I wanted to be a doctor.
I didn’t need to. My father was rich — you’ve heard of him — but I wanted to make my own way, and I wanted to help people. I wanted to see them sick and help them to get better. It hurts me to know that there is suffering in the world; and I have always wanted to help those who need it.
So I went to school. I was third in my class, I went to Johns Hopkins; my teachers all said I had a bright future; and when I got my license, after one discreet party, I set about setting up an office of my own, in a well-kept building in a nice part of town.
After about a month the office was ready for me to take up my practice in it. I remember very clearly the day I opened my doors for the first time, and sat, hopeful, waiting at the desk for my first patient. But nobody came that first day.
And for the rest of the week I waited every day for eight hours at the desk for a patient to arrive, and made several calls to friends of mine who I had thought would be interested in my services, but nobody came.

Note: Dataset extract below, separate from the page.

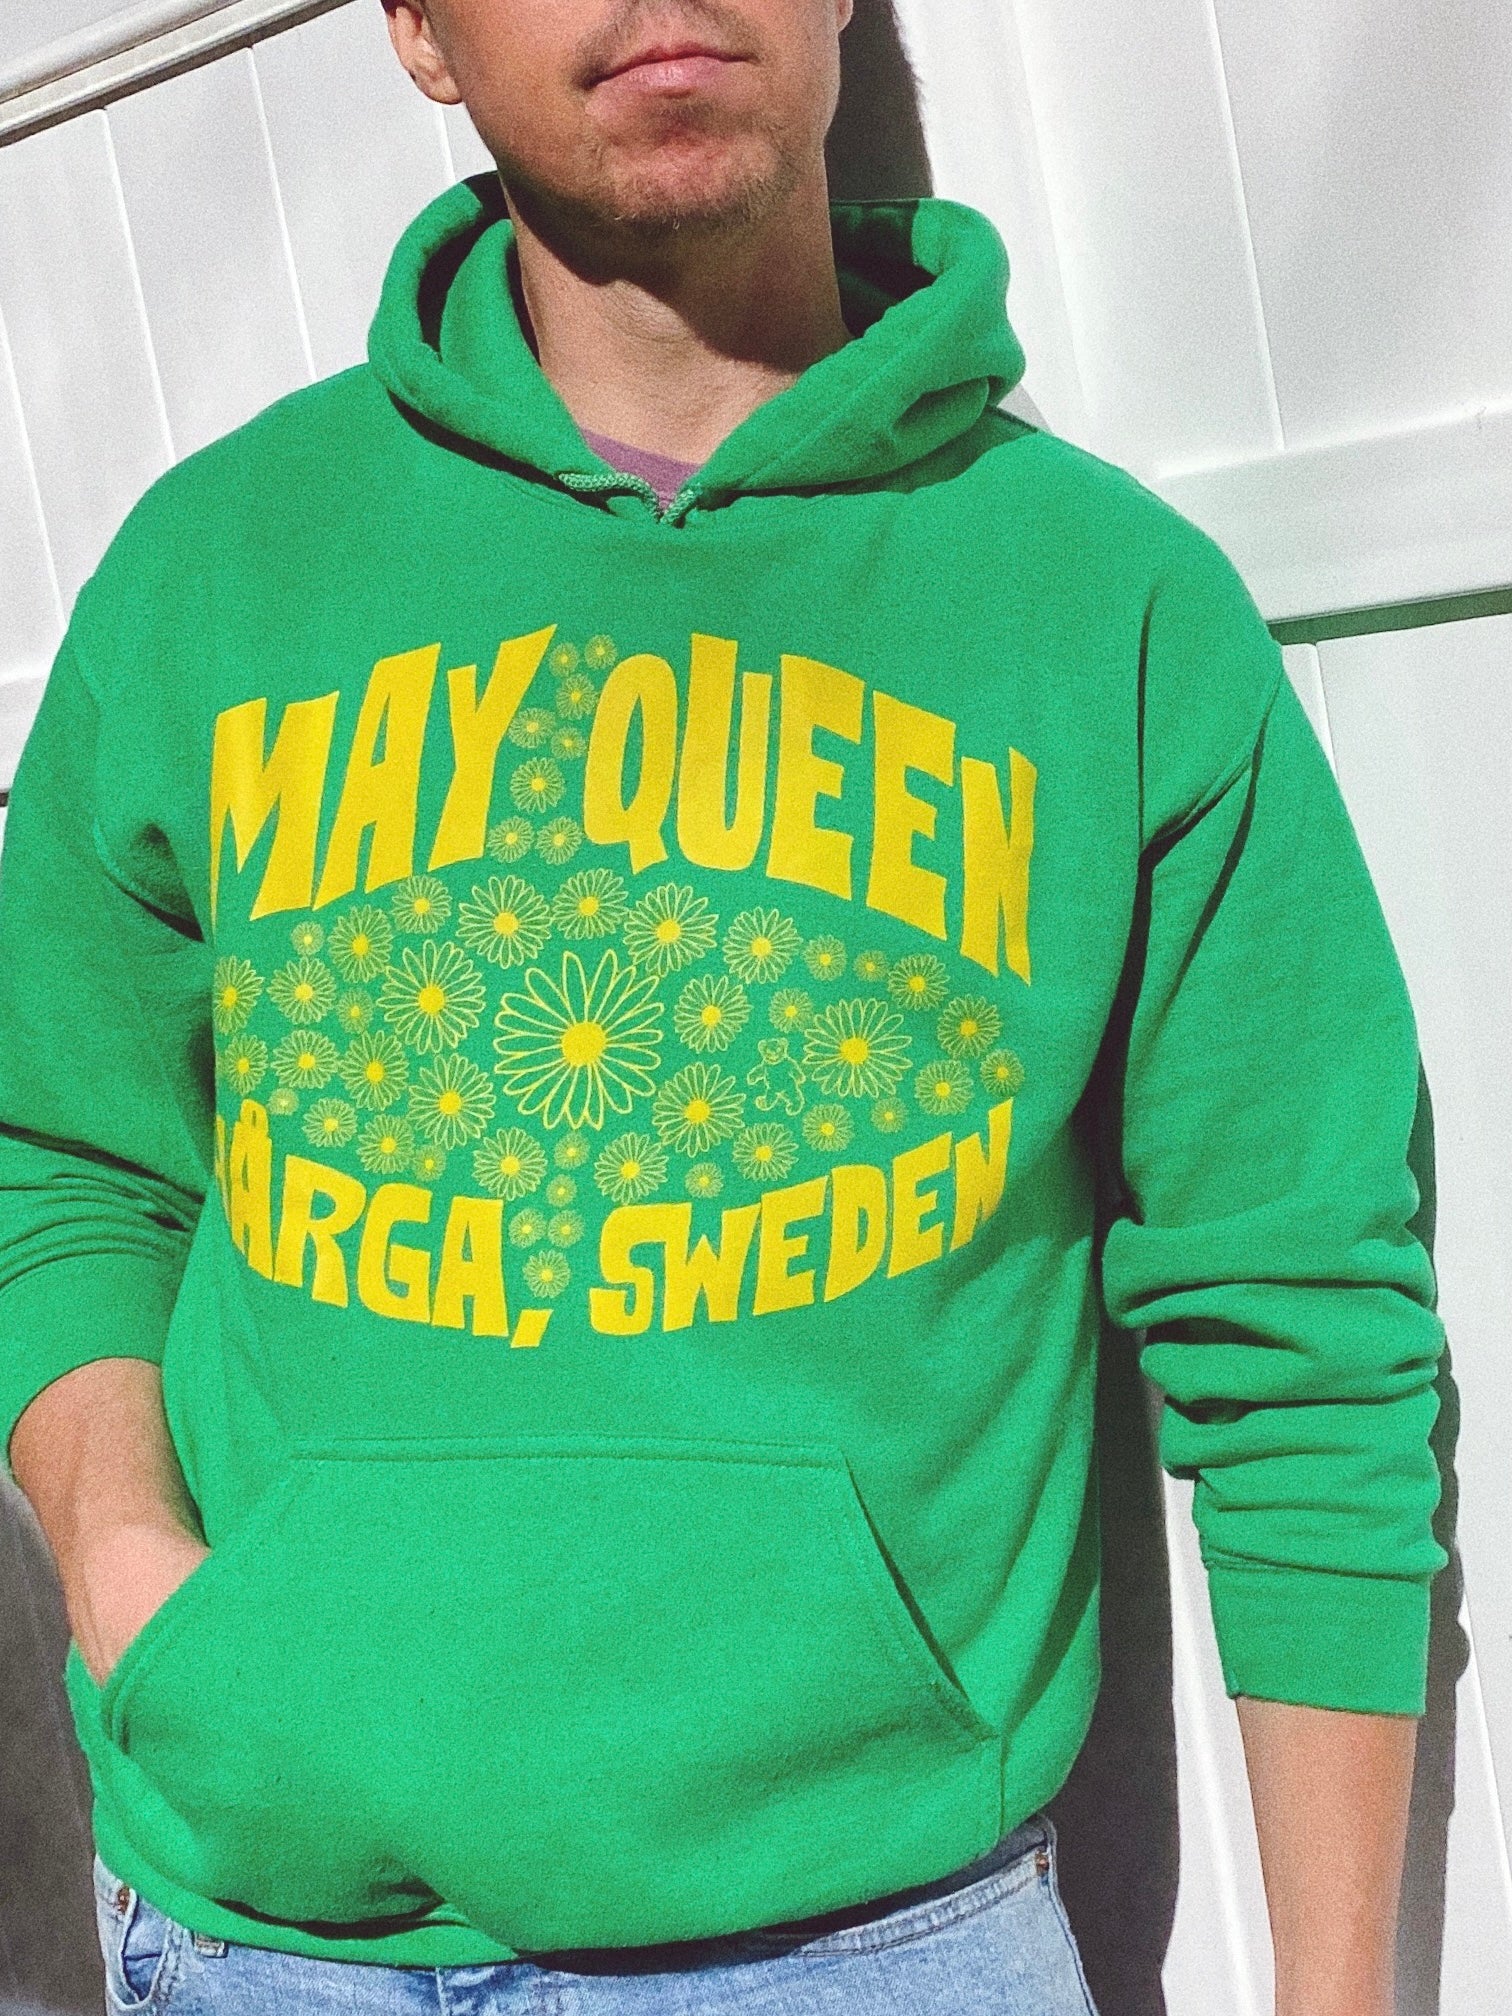 Midsommar May Queen Hoodie Sweatshirt - Totally Good Time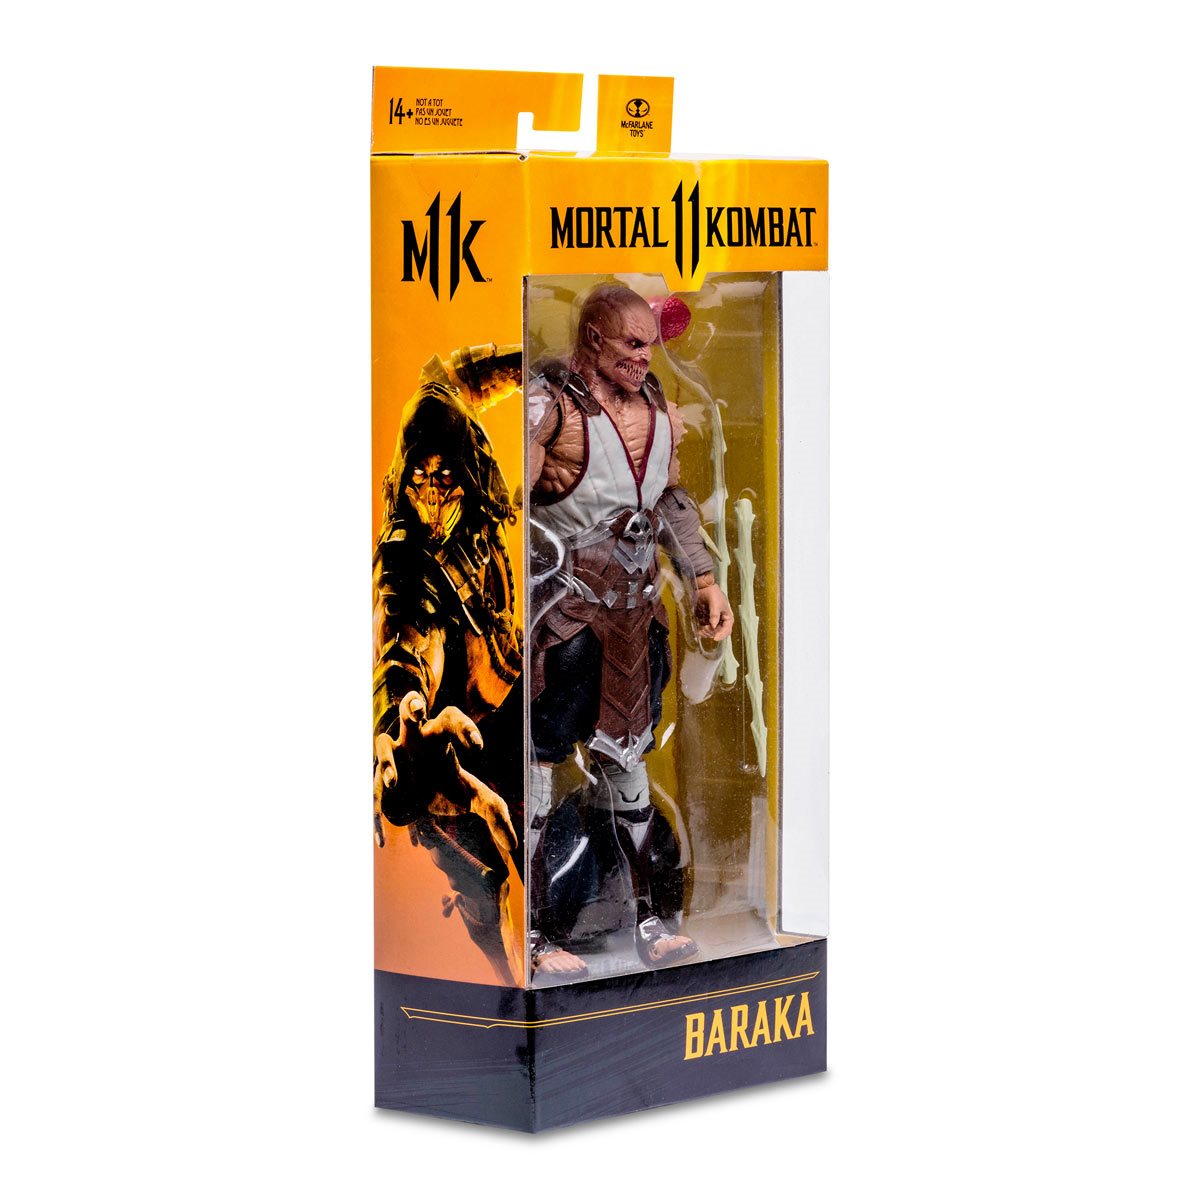 Mortal Kombat - Baraka | Greeting Card

And for the rest of the month I waited every day for eight hours at the desk for a patient to arrive, and took out a few advertisements in more prominent places so as to become known to the public, but nobody came.
And for twenty-seven years I waited every day for eight hours at the desk for a patient to arrive, and I lived on my father’s money, and cadged for referrals and made arrangements with insurance companies and offered to do charity work and begged for patients on the street like a faith healer; and still nobody came.
And I am still waiting for my first patient to arrive, so that I can help them to get well, which is all I have ever wanted to do.
You must excuse me. I cannot continue this conversation now.